Well, you should see it, too. It’s like a choreography of small scenes, loosely joined, dripping implicit wisdom about life, beauty —physical, musical, natural, architectural, etc.—, love, getting old and coming to accept it, death, principles and when to forget them.
Here’s what Paul Dano’s character, a young American actor who can’t come to terms with the idea that the role most people know him for is one he doesn’t quite like, has to say after staying in the Swiss spa hotel:
I’ve been studying all the hotel guests for weeks now. […] And I’ve finally come to a conclusion… I have to choose. I have to choose what is really worth telling, horror or desire. And I choose desire. You, each one of you, you opened my eyes. You have made me see that I should not be wasting my time on the senselessness of horror. […] I wanna tell about your desire, my desire. So pure, so impossible, so immoral, it doesn’t matter; because that’s what makes us alive.
I remember being there for older people I knew, and this is so right. For some of them, their eyes told you about their non-desire, about the only thing that was left: they wanted to leave. For others, though, there was only sadness and a hint of fear. For them I was so sad, because they hadn’t had their fill of life.

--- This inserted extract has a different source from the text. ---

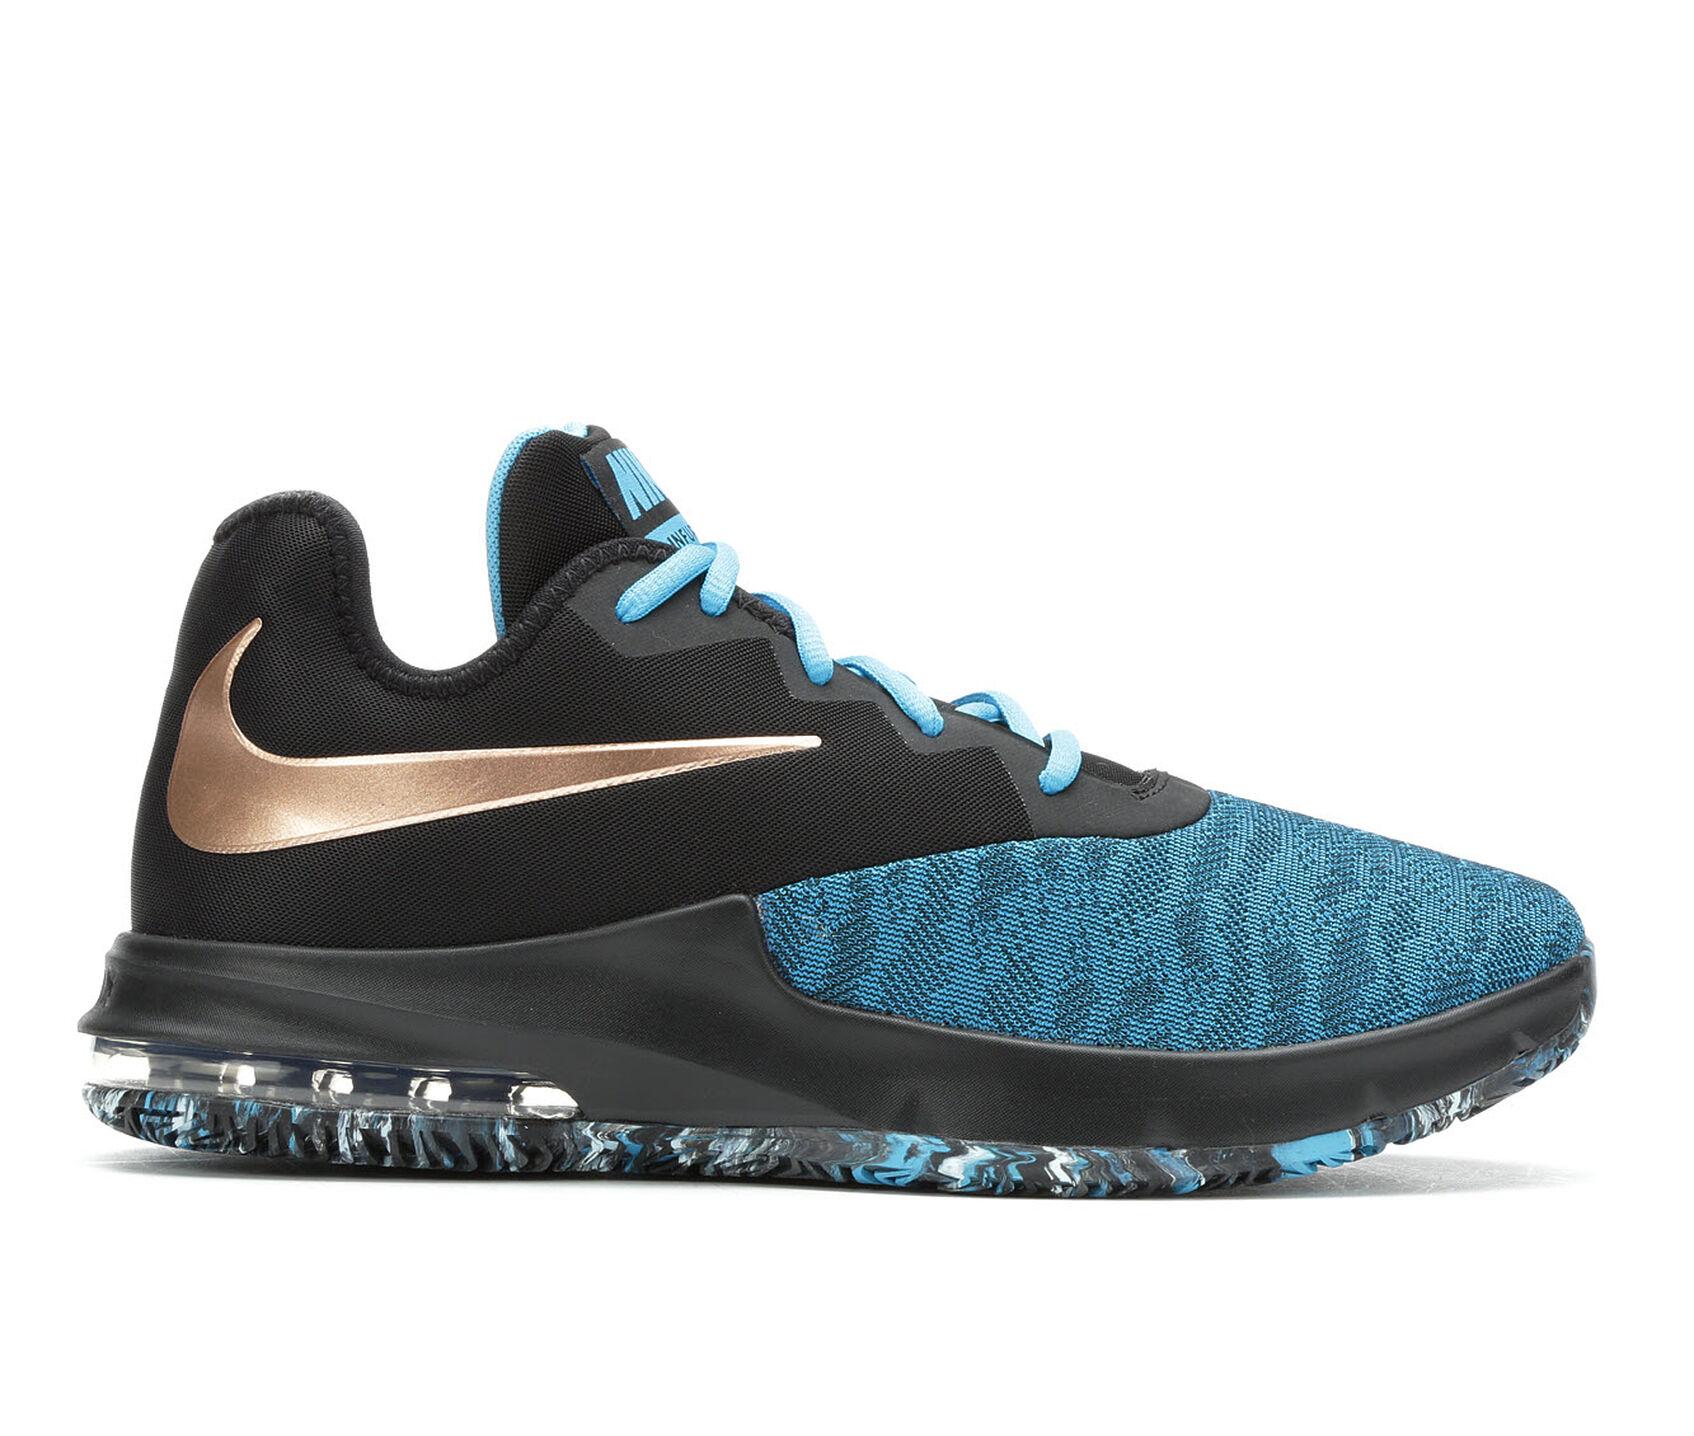 acheter en ligne 35fa0 6f049 Men's Nike Air Max Infuriate III Low Basketball Shoes

Somehow, in a crazy shortcut, I think of Mike Monteiro’s One person’s history of Twitter, from beginning to end and how you have to choose. You have to choose between hatred, fear, tolerating all of this, or walking away and deciding to share beautiful things, as perhaps an indirect way to show your desire for life.
Call me naive, I don’t care. I prefer my naiveté to cynicism.
I’m still full of desire. Desires, even. This makes me alive.